In 1188 Henry II of England and Philip II of France agreed to go on a crusade, and that Henry would use a white cross and Philip a red cross. Thirteenth-century authorities are unanimous on the point that the English king adopted the white cross, and the French king the red one (and not vice versa as suggested by later use). It is thus not clear at what point the English exchanged the white cross for the red-on-white one.

There was a historiographical tradition claiming that Richard the Lionheart himself adopted both the flag and the patron saint from the Republic of Genoa at some point during his crusade. This idea can be traced to the Victorian era, Perrin (1922) refers to it as a “common belief”, and it is still popularly repeated today even though it cannot be substantiated as historical.

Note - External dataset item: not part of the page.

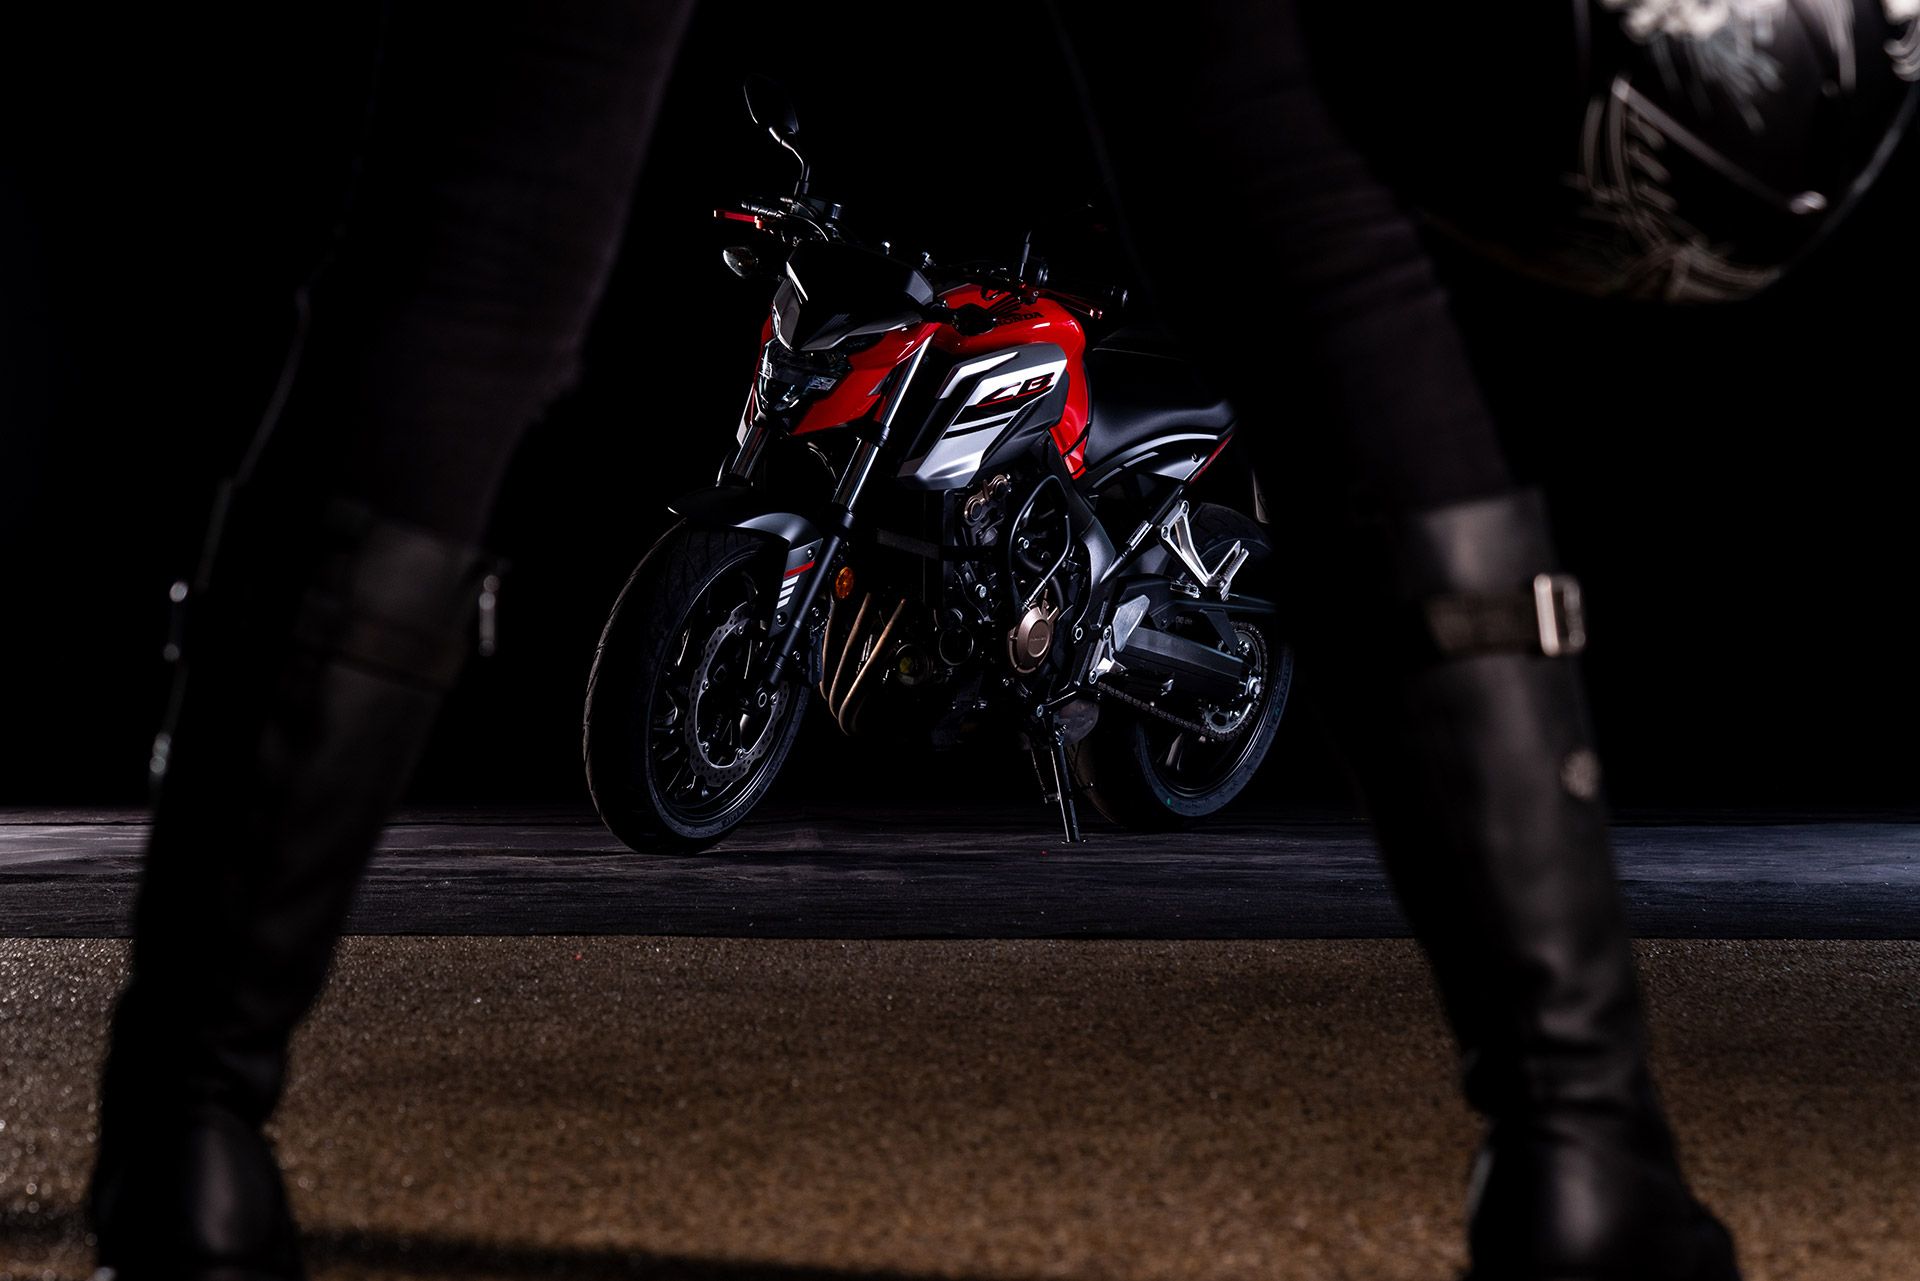 Fahrschule Berlin allroad Motorrad Honda CB650F mit Frauenbeinen

Red crosses seem to have been used as a distinguishing mark worn by English soldiers from the reign of Edward I (1270s), or perhaps slightly earlier, in the Battle of Evesham of 1265, using a red cross on their uniforms to distinguish themselves from the white crosses used by the rebel barons at the Battle of Lewes a year earlier. Perrin notes a roll of accounts from 1277 where the purchase of cloth for the king’s tailor is identified as destined for the manufacture of a large number of pennoncels (pennons attached to lances) and bracers (worn by archers on their left forearms) “of the arms of Saint George” for the use by the king’s foot soldiers (pro peditibus regis). Perrin concludes from this that the introduction of the Cross of St George as a “national emblem” is originally due to Edward I. By 1300, there was also a greater “banner of St George”, but not yet in a prominent function; the king used it among several banners of saints alongside the royal banner. Saint George had become popular as a “warrior saint” during the Crusades, but the saint most closely associated with England was Edward the Confessor until the time of Edward III, who in thanks for Saint George’s supposed intervention in his favor at the Battle of Crécy gave him a special position as a patron saint of the Order of the Garter in 1348. From that time, his banner was used with increasing prominence alongside the Royal Banner and became a fixed element in the hoist of the Royal Standard. The flag shown for England in the Book of All Kingdoms of 1367 is solid red (while St George’s Cross is shown for Nice and, in a five-cross version, for Tbilisi). The Wilton Diptych from the late 1390s shows a swallow-tailed St George cross flag held by an angel in between King Richard II (accompanied by royal saints Kings Edward the Confessor and Edmund the Martyr) and a scene of the Virgin and Child flanked by angels wearing Richard’s own heraldic devices.